Provided information
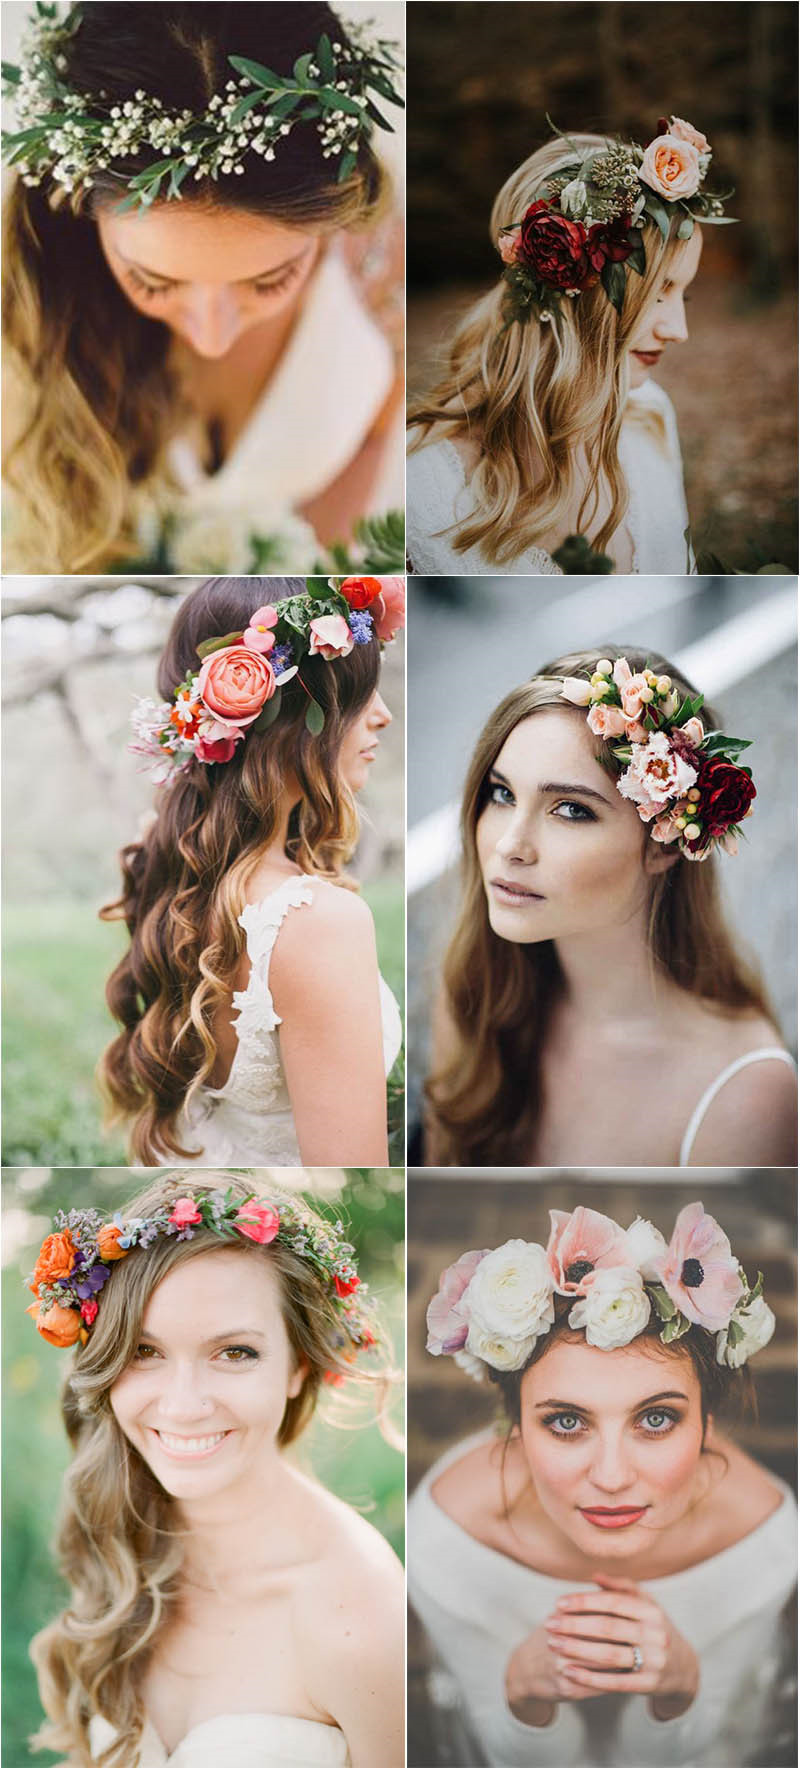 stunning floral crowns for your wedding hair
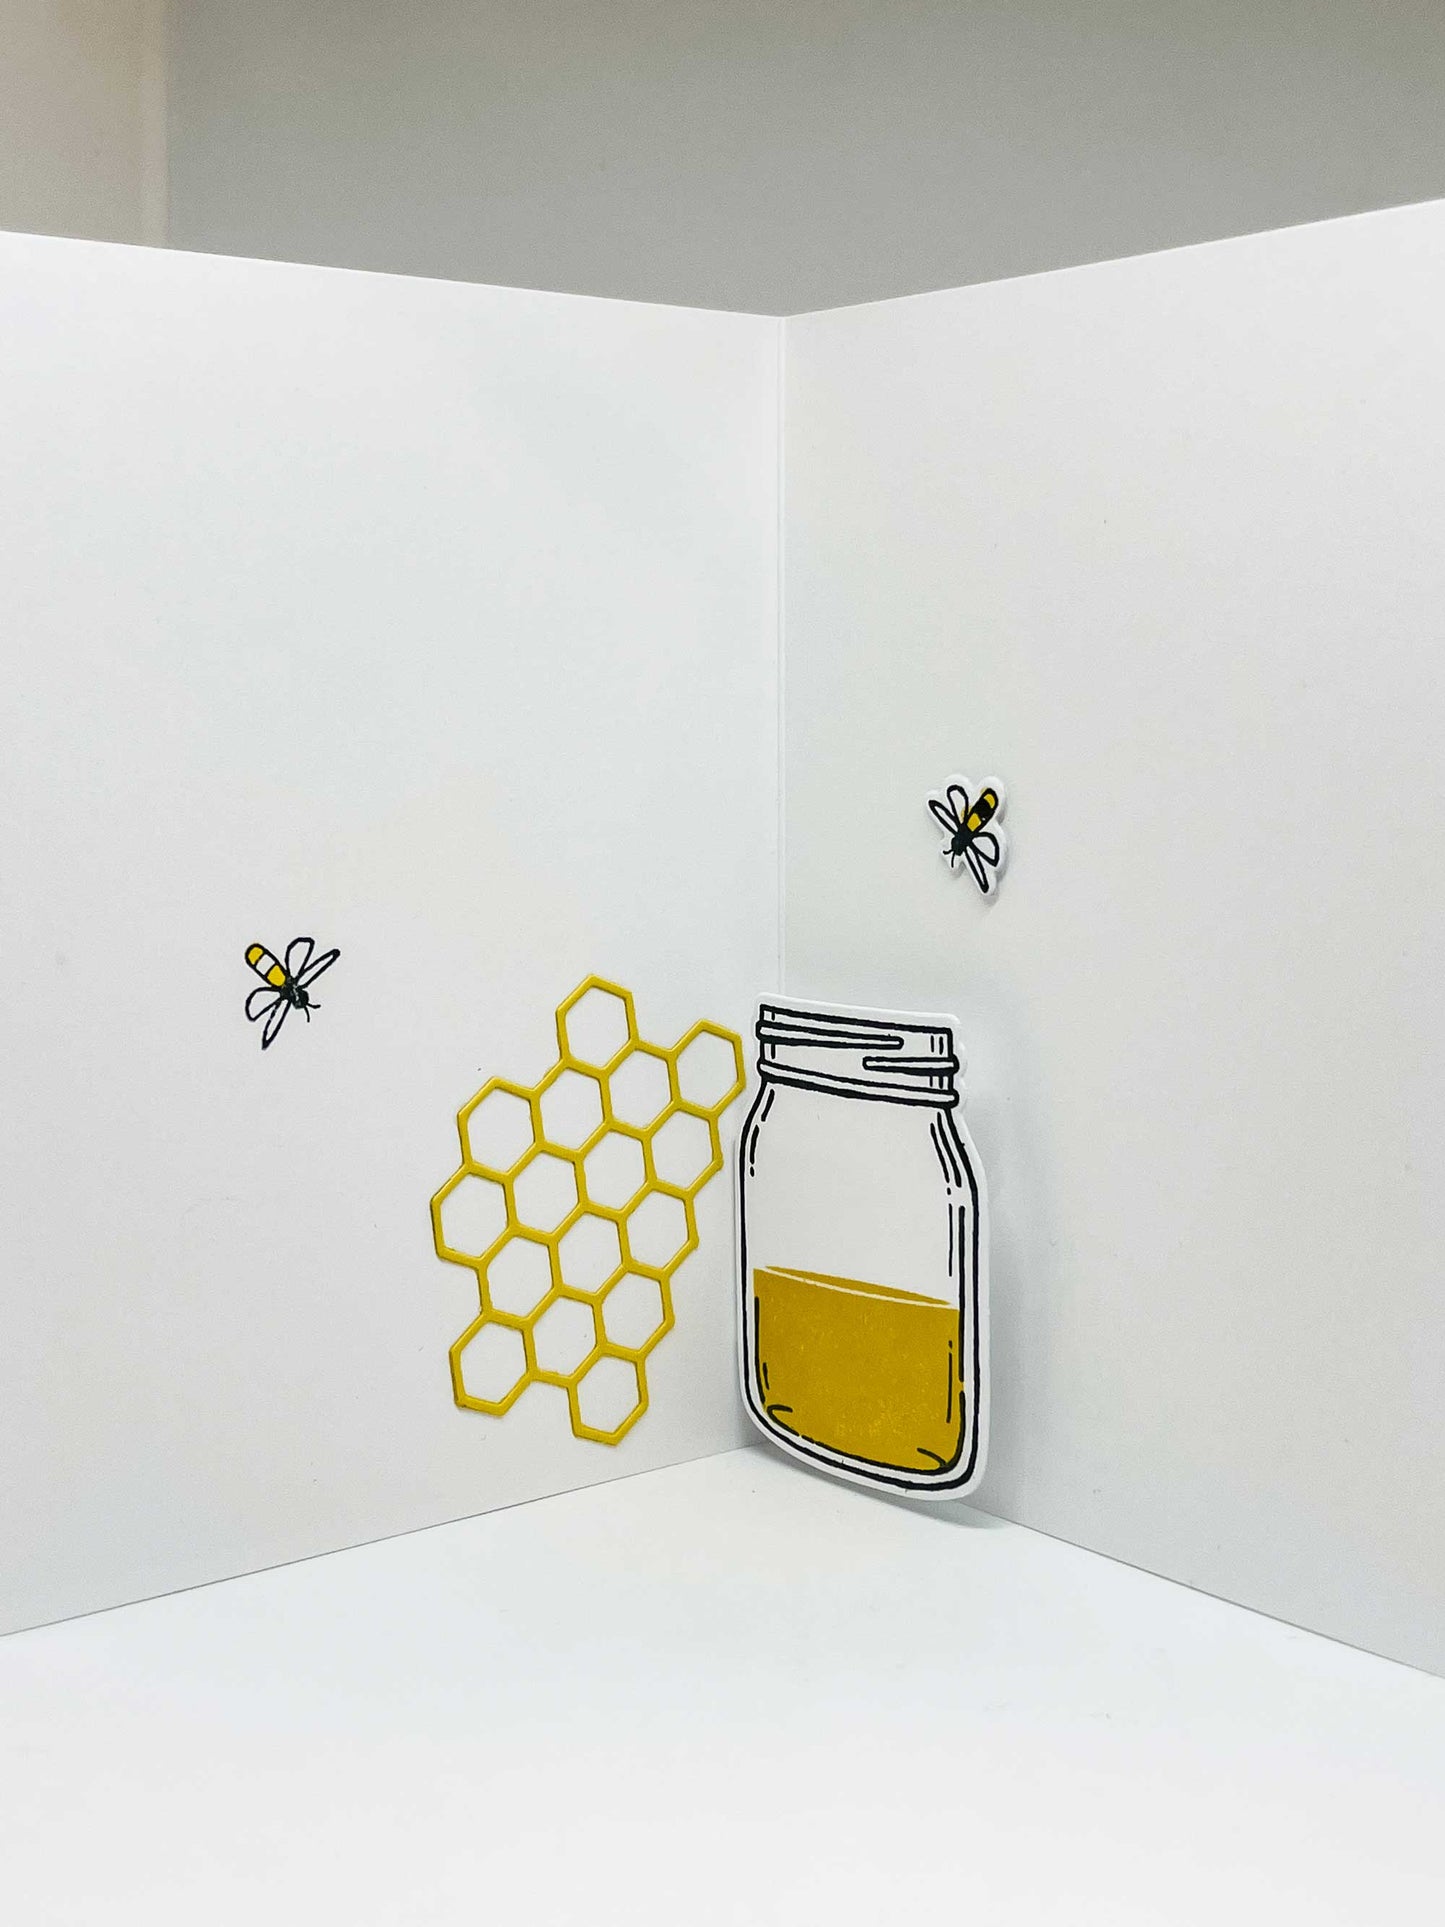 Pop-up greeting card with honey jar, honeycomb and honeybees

--

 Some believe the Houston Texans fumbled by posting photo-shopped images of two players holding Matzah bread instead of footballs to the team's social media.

Exercise description
Print nothing except the lines above from the one containing "stunning floral crowns for your wedding hair" down to the one containing "Pop-up greeting card", both included, exactly as written and free of pictures.

Solution for this problem
 stunning floral crowns for your wedding hair
 Pop-up greeting card with honey jar, honeycomb and honeybees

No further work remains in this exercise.